To the extent any of the rights, title and interest in and to Kintera, Inc. Innovations can be neither assigned nor licensed by me to Kintera, Inc., I hereby irrevocably waive and agree never to assert such non-assignable and non-licensable rights, title and interest against Kintera, Inc. or any of Kintera, Inc.’s successors in interest to such non-assignable and non-licensable rights. I hereby grant to Kintera, Inc. or Kintera, Inc.’s designees a royalty free, irrevocable, worldwide license (with rights to sublicense through multiple tiers of sublicensees) to practice all applicable patent, copyright, moral right, mask work, trade secret and other intellectual property rights relating to any Prior Innovations which I incorporate, or permit to be incorporated, in any Kintera, Inc. Innovations. Notwithstanding the foregoing, I agree that I will not incorporate, or permit to be incorporated, any Prior Innovations in any Kintera, Inc. Innovations without Kintera, Inc.’s prior written consent.

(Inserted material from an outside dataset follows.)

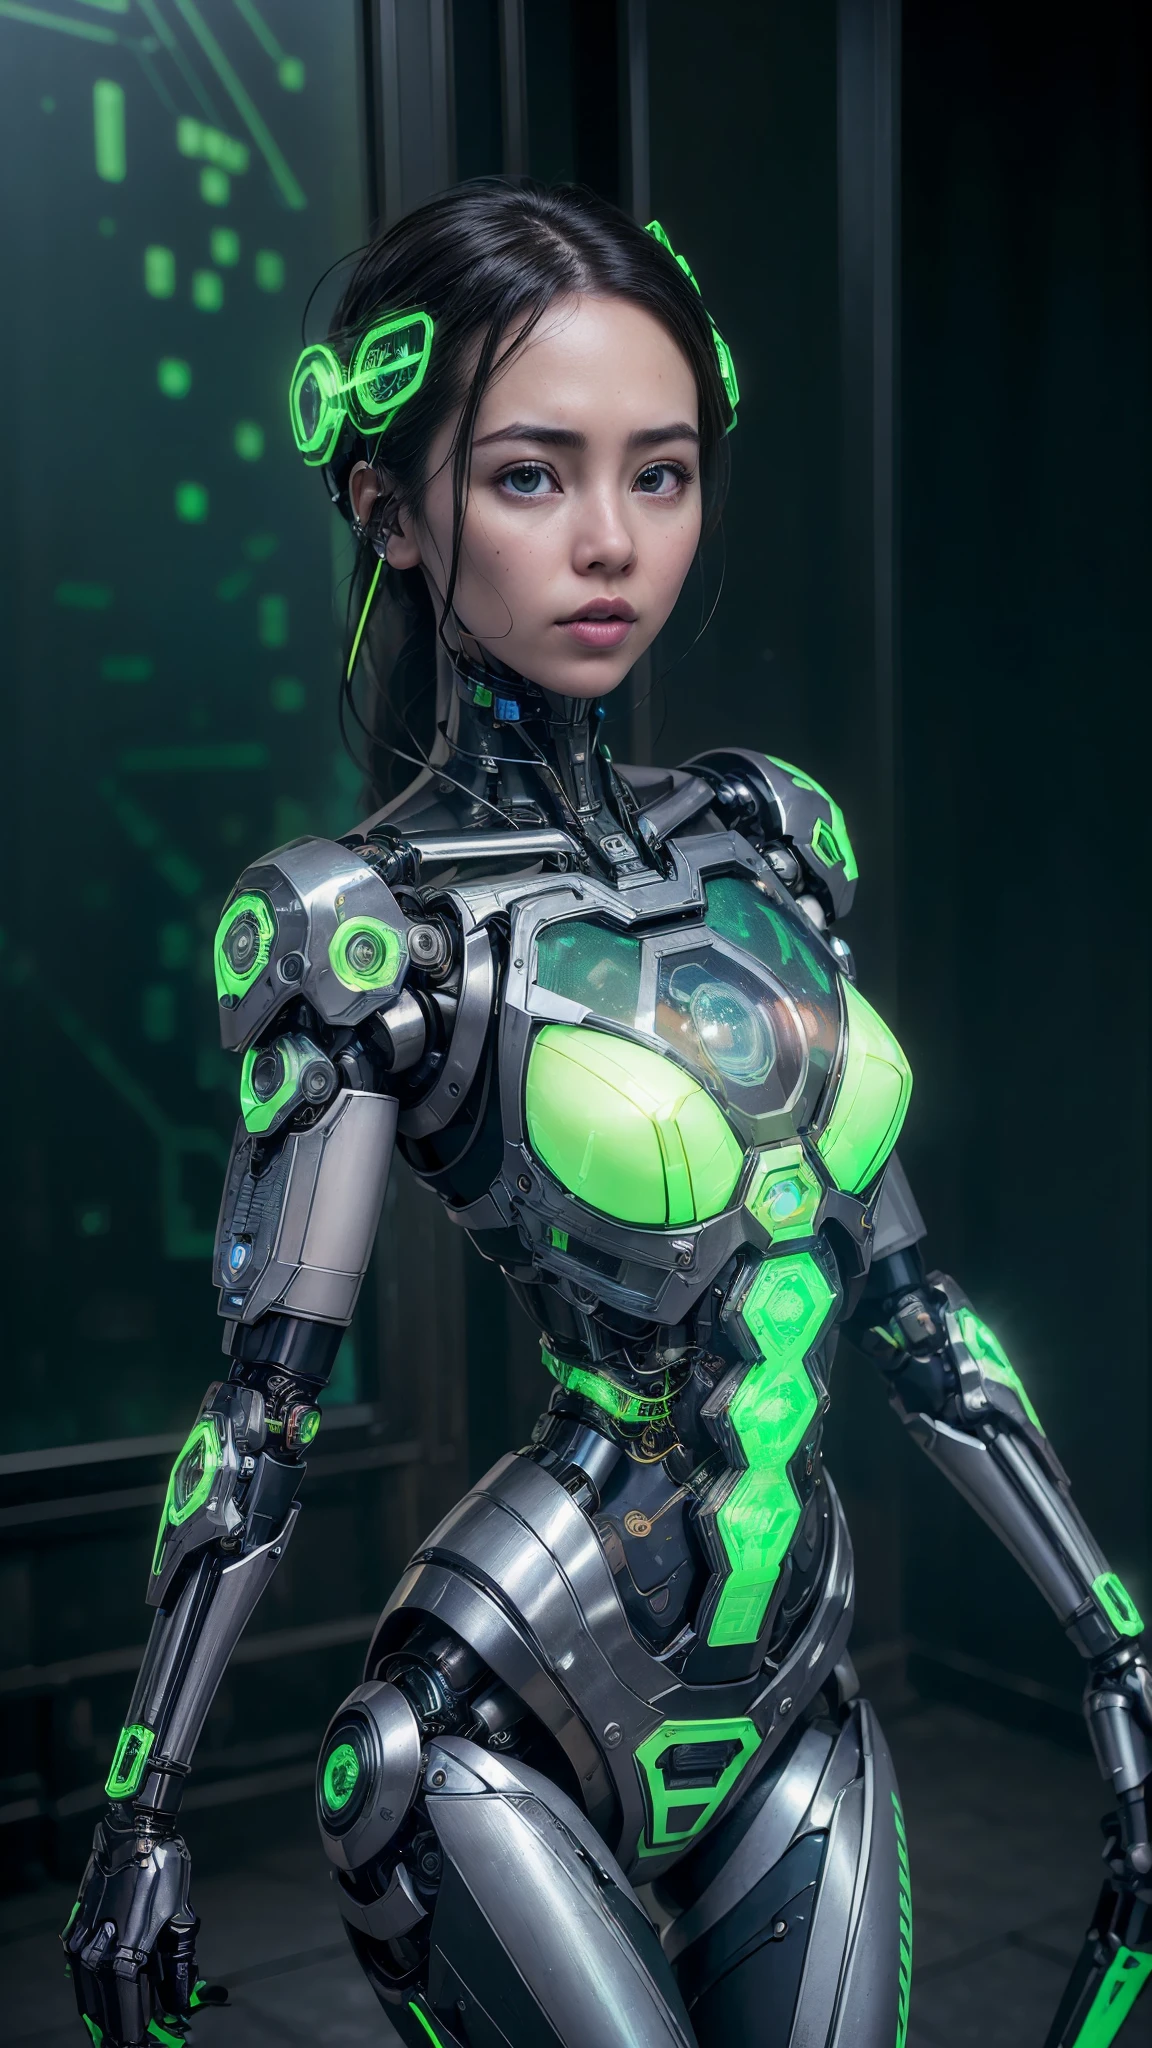 (((Jessica Henwick trägt eine futuristische Cyberpunk-Ninja-Attentäter-Rüstung, glänzende Roboter-Ninja-Rüstung )), (dynamische pose), (Meisterwerk), (hyper Realist:1.4), (Realist:1.3), ,(Zerstörter Kerkerruinenhintergrund:1.4 ), (Haut mit echter Textur in bester Qualität.),  (filmische Beleuchtung), (Filmszene), 1Schöne Frau, (Helles Licht), sehr detaillierte Haut, poros de la piel, (Sehr detailliertes Gesicht:1.1), (sehr detaillierte Augen:1.1), Realist pupils, (perfekte Anatomie:1.1), (perfekte Proportionen:1.1), (Fotografie:1.1), (photoRealist:1.1), Volumetrische Beleuchtung, dynamische Beleuchtung, echte Schatten, (hohe Auflösung:1.1), Scharfer Fokus, (Realist, hyperRealist:1.4), kompliziert, Hohe Detailgenauigkeit, dramatisch, Untergrunddispersion, große Schärfentiefe, lebendig, pulido, scharf, ((voll akut)), (extrem absurd),8KHDR, ((Cyberpunk-Hintergrund der Stadt Hongkong)), (Jessica Henwick:1.4), (Jessica Henwick V2.1), (mechanischer Cyborg aus transparentem Glas:1.4), (helle Farben), (elektronische Schaltung Neongrünglas :1.4), (Kleine LED:1.4)

8. Future Innovations: I recognize that Innovations or Proprietary Information relating to my activities while working for Kintera, Inc. and conceived, reduced to practice, created, derived, developed, or made by me, alone or with others, within one (1) year after termination of my employment may have been conceived, reduced to practice, created, derived, developed, or made, as applicable, in significant part while employed by Kintera, Inc. Accordingly, I agree that such Innovations and Proprietary Information shall be presumed to have been conceived, reduced to practice, created, derived, developed, or made, as applicable, during my employment with Kintera, Inc. and are to be promptly assigned to Kintera, Inc. unless and until I have established the contrary by written evidence satisfying the clear and convincing standard of proof.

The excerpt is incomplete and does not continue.